К тому времени в течение уже двух столетий германские миссионеры делали попытки христианизации пруссов – то относительно успешные, то наоборот: миссионеров убивали, а крещеные пруссы возвращались в язычество. В начале XIII в. христианизацией пруссов занялись монахи ордена цистерцианцев, которые для начала организовали монастырь в Лекно, неподалеку от Познани и Гнезно. В 1206 г. аббат этого монастыря Готфрид посетил в Риме папу Иннокентия III, который специальной буллой поручил аббату миссию христианизации среди пруссов. Однако что-то не заладилось с этой миссией у цистерцианцев, и аббат Готфрид сложил с себя обязанности духовного пастыря своих братьев-монахов, под именем Христиана продолжив христианизацию пруссов в одиночку. Он достиг личной проповедью значительных успехов в крещении пруссов, но сами пруссы, попадая под влияние пастырей поморских и польских земель, практически становились рабами влиятельных князей, несмотря на заступничество за них самого Христиана. Пруссы в ответ поднимали восстания и отрекались от христианства, становясь вероотступниками.

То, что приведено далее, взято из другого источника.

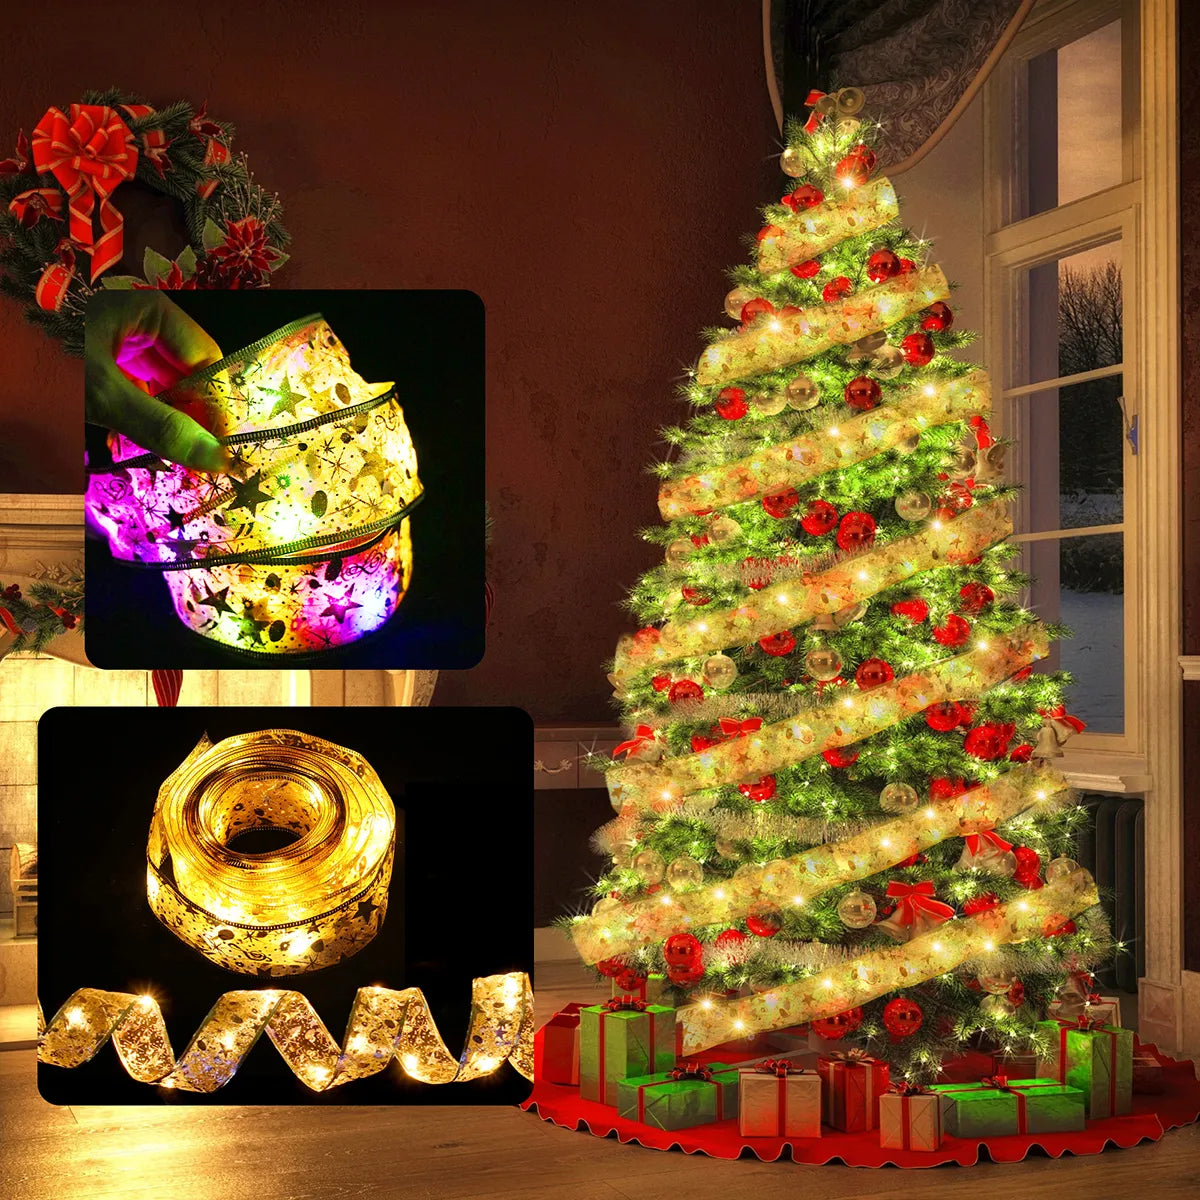 LED Ribbon Fairy Light Christmas Tree Decoration Ornaments - The GoatFind Gold battery model / 1M, Gold battery model / 2M, Gold battery model / 5M, Gold battery model / 10M, Gold battery model 1 / 1M, Gold battery model 1 / 2M, Gold battery model 1 / 5M, Gold battery model 1 / 10M, Gold battery model 2 / 1M, Gold battery model 2 / 2M

В 1216 г. польское духовенство и князья, а также ставший прусским епископом Христиан обратились к римскому папе за разрешением участвовать в крестовом походе в Пруссии тем, кто принял обет следовать в Палестину для освобождения Иерусалима. Папа Гонорий III пошел им навстречу и даровал участникам прусских крестовых походов то же отпущение грехов, что и идущим в Палестину. В 1218 и 1221–1223 гг. войска крестоносцев сражались «за спасение душ» пруссов, пытаясь вернуть отступников на путь истины, а заодно «уговорить» пруссов-язычников принять крещение. Крестоносцы были выходцами из соседних германских и польских земель, в том числе земель силезского князя Генриха Бородатого, оспаривавшего первенство у князя Конрада Мазовецкого.

Среди крестоносцев князя Силезии были также члены духовно-рыцарских орденов тамплиеров и тевтонцев. Тамплиеры в то время создавали свой филиал в Великой Польше как бы для защиты ее границ. Но не имея единого командования, движение крестоносцев в Пруссии не достигло желаемого для христиан результата. Разрозненные действия отдельных отрядов только привели к сплочению прусских племен, понимавших, что дело не столько в обращении в христианство, сколько в их порабощении. А вопрос превращения пленных пруссов в рабов стоял настолько остро, что даже папа Гонорий III вынужден был обратиться к крестоносцам с увещеваниями и запретил им вторгаться в Пруссию без позволения епископа Христиана, а пленных язычников обязал передавать ему для крещения.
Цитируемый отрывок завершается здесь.